Review question
We reviewed the evidence about the effect of antiviral medicines for preventing postherpetic neuralgia (PHN).
Background
PHN is a painful condition that can occur after shingles (herpes zoster) in the area where the rash occurred. Many people with PHN find that treatments work only a little or not at all. Attention has therefore turned to stopping the development of PHN. Some people suggested that medicines that target the virus that causes shingles (antiviral medicines), given at the time of the rash, might prevent PHN. The aim of this review was to assess the whether antiviral medicines are able to prevent PHN.
Study characteristics
We identified six clinical trials that met our standards for inclusion in the review. They included a total of 1319 participants. We decided that our main measure of whether antiviral medicines work in preventing PHN would be whether or not PHN had developed six months after a first attack of shingles (some of the studies we included of aciclovir measured PHN at four months).
Key results and quality of the evidence
Aciclovir, which is an antiviral medicine, was used in five trials (900 participants) and was not better than a placebo (dummy pill) in preventing PHN. In the other trial (419 participants), famciclovir, which is another antiviral drug, was no better than placebo in preventing pain following healing of the shingles rash. The number of side effects with aciclovir and famciclovir was not very different from the number with placebo. The trials did not have any major problems of design or conduct that put the results in doubt, although most of the reports did not provide enough information to fully assess every aspect. We conclude that according to high quality evidence, oral aciclovir was ineffective in reducing the incidence of PHN and there is not enough evidence on other antiviral treatments. There need to be further well-designed trials of famciclovir or other new antiviral agents with a greater number of participants. Future trials should pay more attention to the severity of pain and quality of life of participants, and should include different groups of people, such as those who have lowered immunity.
The evidence is current to April 2013, when the searches were last updated. Because new evidence on this topic is slow to emerge, we have scheduled the next update of this review for 2017.
There is high quality evidence that oral aciclovir does not reduce the incidence of PHN significantly. In addition, there is insufficient evidence to determine the effect of other antiviral treatments; therefore, further well-designed RCTs are needed to investigate famciclovir or other new antiviral agents in preventing PHN. Future trials should pay more attention to the severity of pain and quality of life of participants, and should be conducted among different subgroups of people, such as people who are immunocompromised.
Postherpetic neuralgia (PHN) is a painful and refractory complication of herpes zoster. Treatments are either partially or totally ineffective for many people with PHN. Antiviral agents, used at the time of the rash, have been proposed as an intervention to prevent the development of PHN. This is the first update since the first publication of the review in 2009.
To assess the effectiveness of antiviral agents in preventing PHN.
On 26 April 2013, we updated the searches in the Cochrane Neuromuscular Disease Group Specialized Register, CENTRAL, MEDLINE, EMBASE, LILACS, and the Chinese Biomedical Retrieval System. We checked the references of published studies to identify additional trials, and contacted authors to obtain additional data. We searched other databases in The Cochrane Library for information for the Discussion and two clinical trials registries for ongoing trials.

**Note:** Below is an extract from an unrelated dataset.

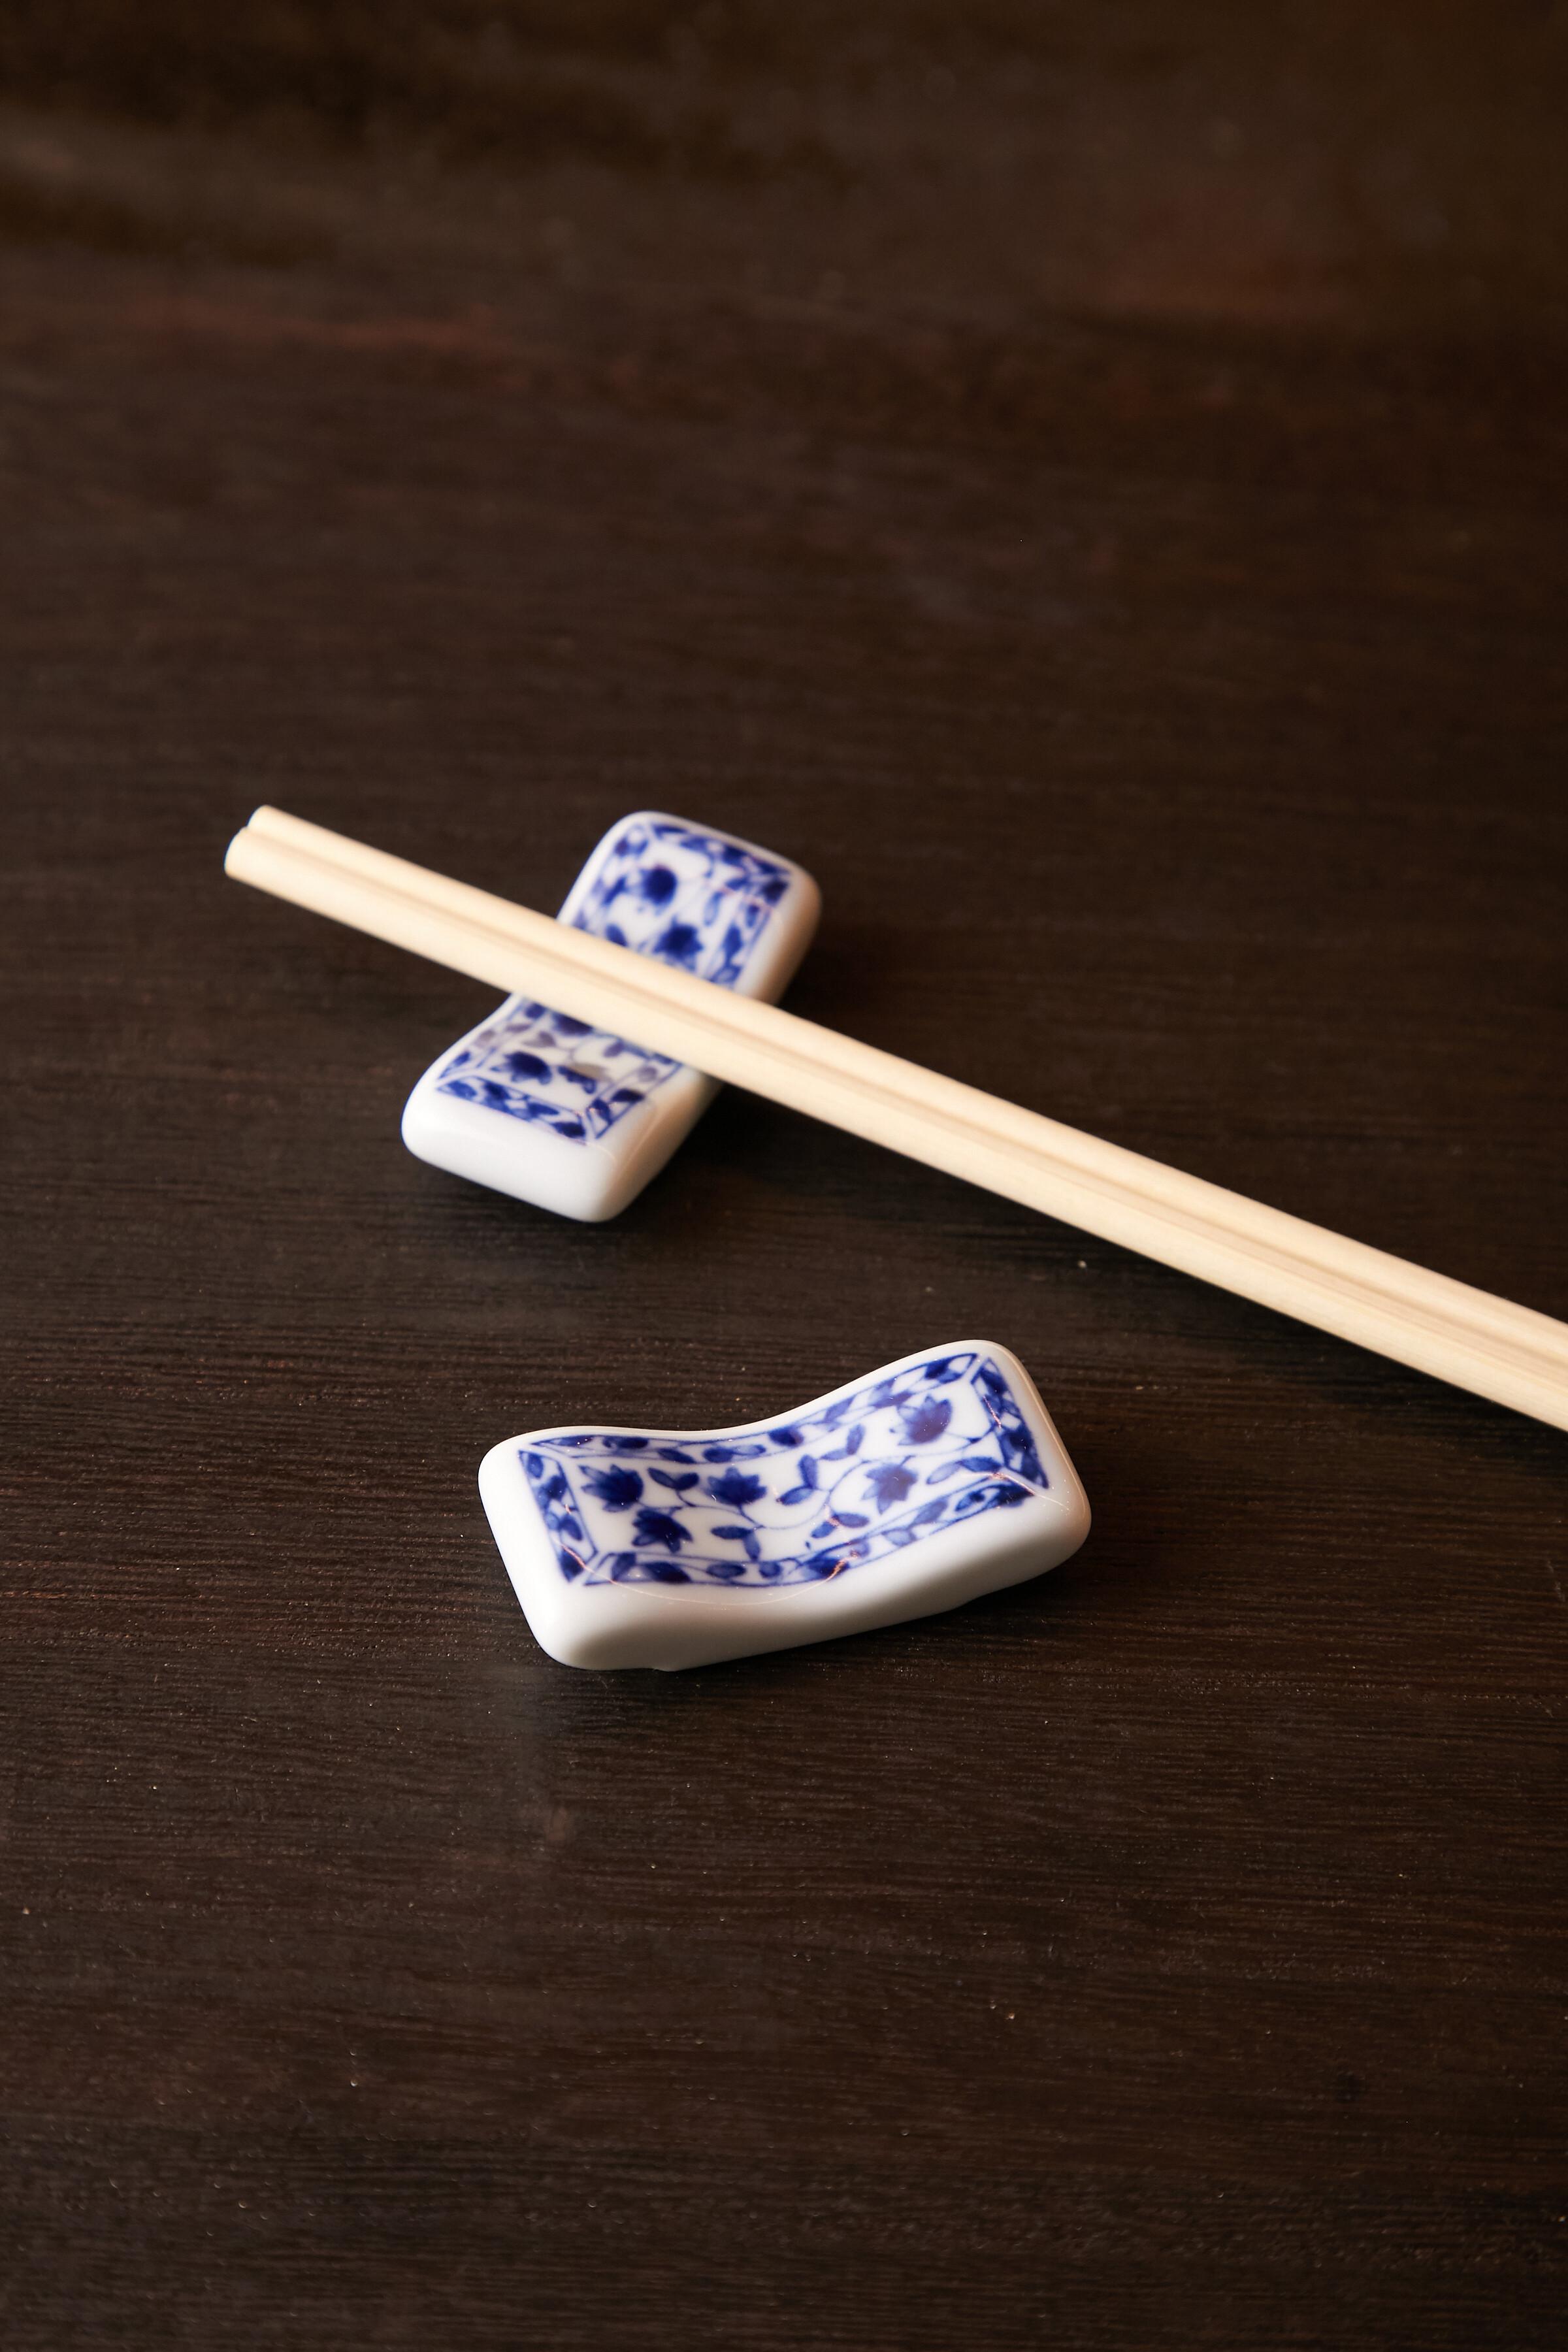 唐草紋 まくら型 箸置き 日本製 美濃焼【送料無料】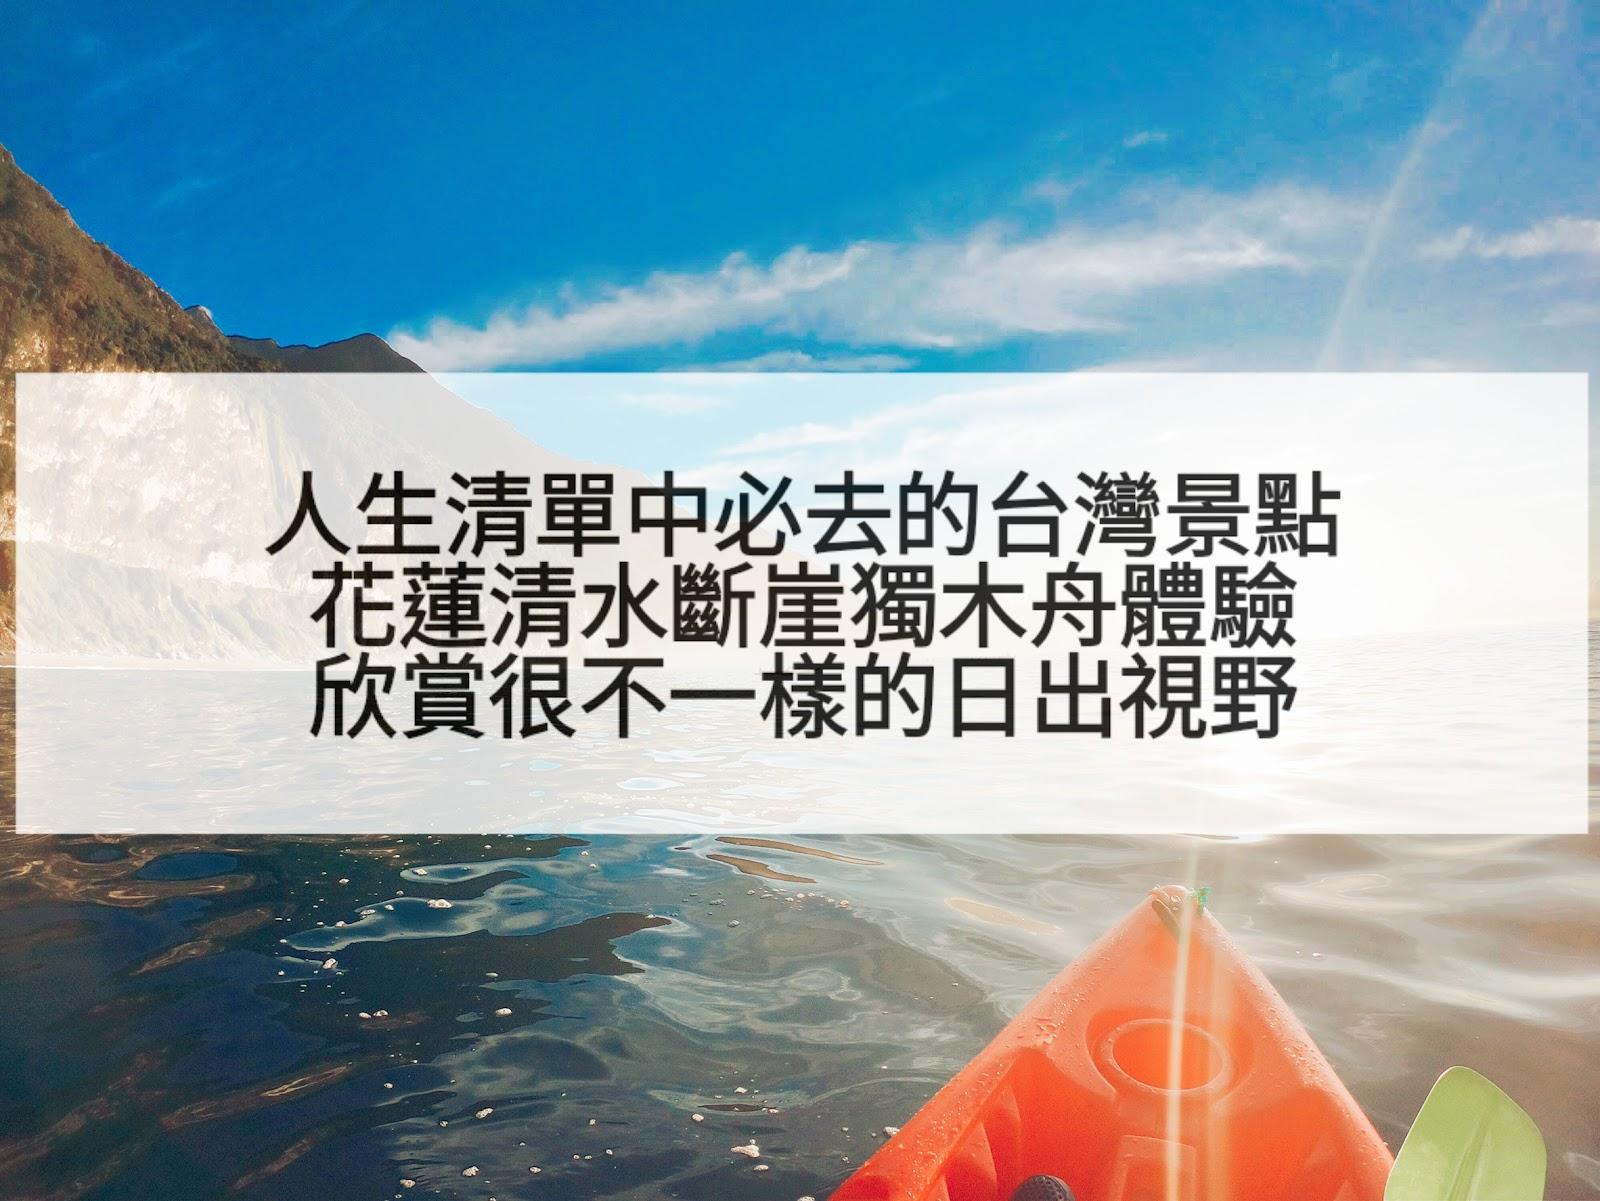 清水斷崖獨木舟

We considered all randomised controlled trials (RCTs) of antiviral treatment given within 72 hours after the onset of herpes zoster for preventing PHN. There were no language restrictions.
Two authors independently selected trials, evaluated the risk of bias in included trials, and extracted and analysed data.
Six RCTs with a total of 1211 participants were eligible; five trials evaluated oral aciclovir, and one, with 419 participants, evaluated oral famciclovir. We were able to conduct meta-analyses as there were sufficient similarities in the included studies, such as the reporting of the presence of PHN, duration of rash before treatment initiation and treatment regimen. For our primary outcome, based on three trials (609 participants) we found no significant difference between the aciclovir and control groups in the incidence of PHN four months after the onset of the acute herpetic rash (risk ratio (RR) 0.75, 95% confidence interval (CI) 0.51 to 1.11), nor was there a significant difference at six months (RR 1.05, 95% CI 0.87 to 1.27, two trials, 476 participants). In four of the trials (692 participants), there was some evidence for a reduction in the incidence of pain four weeks after the onset of rash. In the trial of famciclovir versus placebo, neither 500 mg nor 750 mg doses of famciclovir reduced the incidence of herpetic neuralgia significantly. The most commonly reported adverse events were nausea, vomiting, diarrhoea and headache for aciclovir, and headache and nausea for famciclovir. For neither treatment was the incidence of adverse events significantly different from placebo. None of the studies were at high risk of bias, although the risk of bias was unclear in at least one domain for all but one study. We found no new RCTs when we updated the searches in April 2013.